In the rapidly changing world culture collections have key roles to play and they are now more than repositories. The growing number of countries have now taken the initiative to establish infrastructures for microbial resources and microbial informatics and the concept of national biological resource centre has been increasingly realised in different parts of the world (http://www.oecd.org/sti/biotech/oecdbestpracticeguidelinesforbiologicalresourcecentres.htm). The biological resource centres must meet the high standards of quality and expertise to serve the global scientific community for delivery of biological information and related materials. In addition, the Nagoya Protocol (https://www.cbd.int/abs/about/) provides a transparent legal framework for the effective implementation of one of the three objectives of the Convention on Biological Diversity that is the fair and equitable sharing of benefits arising out of the utilisation of genetic resources including microbially-derived ones.

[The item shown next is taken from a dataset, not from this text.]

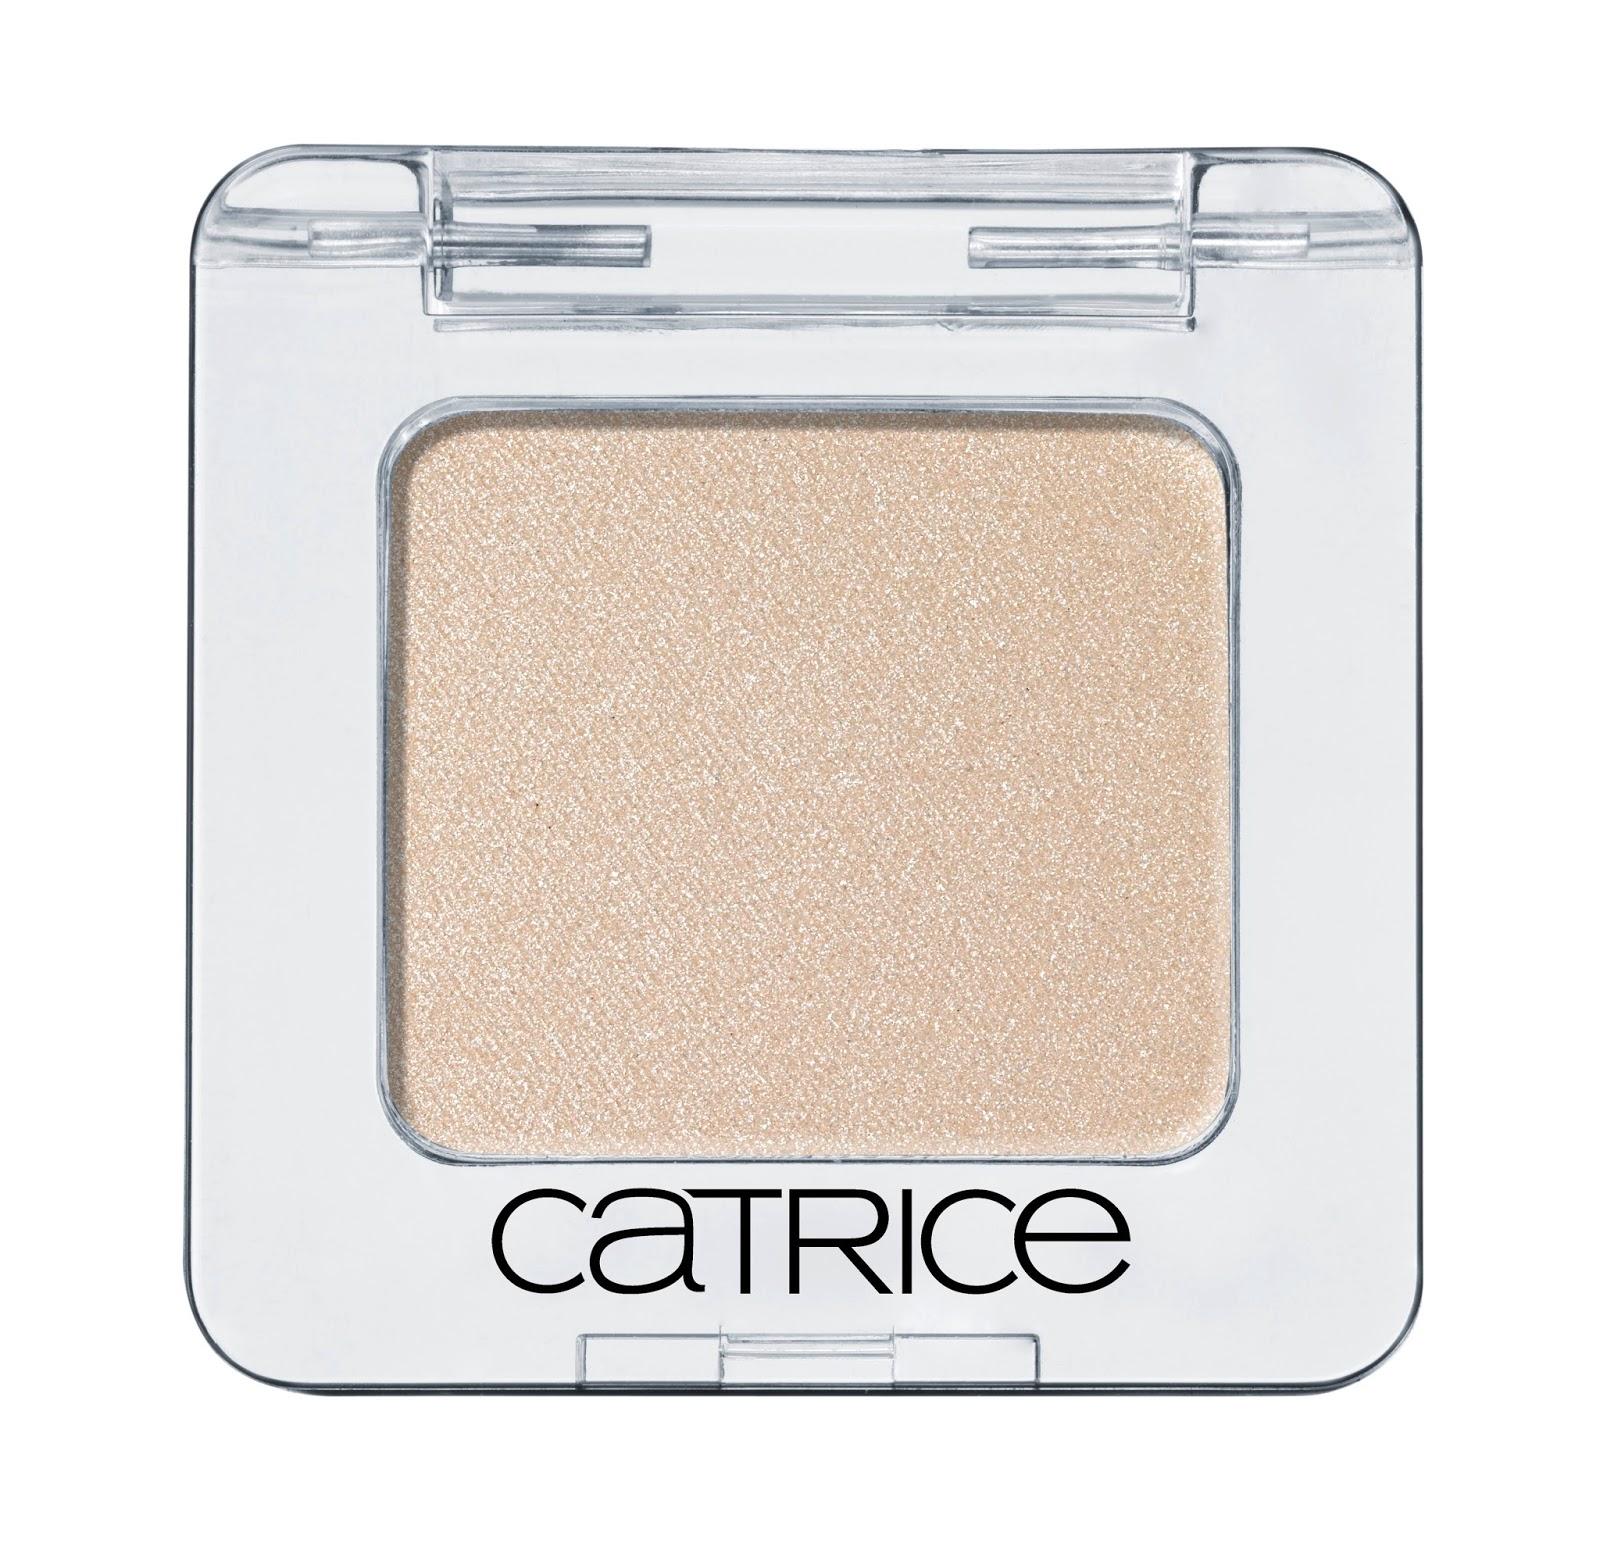 Catrice - Absolute Eye Colour Mono Eyeshadow

Australian collection of microorganisms

In 2000, the ICCC-9 took place in Brisbane under the leadership of then President Prof. Lindsay Sly. Prof. Sly was the Director and the Curator of the Australian Collection of Microorganisms (ACM). Unfortunately, the ACM ceased operations in 2009, after serving the Australian scientific community for 39 years. Prof. Sly also led the establishment of the Australian Microbial Resources Information Network5, which later became linked to the Atlas of Living Australia (https://www.ala.org.au/). It is thus imperative that the ACM is revitalised to serve the needs of Australian Microbiologists. With the publication of this article, I would like to invite the Australian Microbiology community for their support towards establishment of a Trust Fund named after Prof. Skerman to ensure long term survival of the ACM and provide a platform for the future establishment of an Australian Biological Resources Centre and full documentation of the unique Australian Microbial Diversity.

I would like to conclude with Prof. Sly’s words and emphasise again the significance of the ‘recognition of the importance of microorganisms as a source of new frontier opportunities for bioindustries in Australia and the need to strengthen and support culture collections of microorganisms to provide necessary resources to underpin the life sciences and the development of strong and competitive biotechnology’5,6. A special issue dedicated to the ‘Culture Collections’ will be published in the near future by Microbiology Australia to support Australia’s resumption of its role at the national and international level and we look forward to working closely with our members who are associated with culture collections in Australia.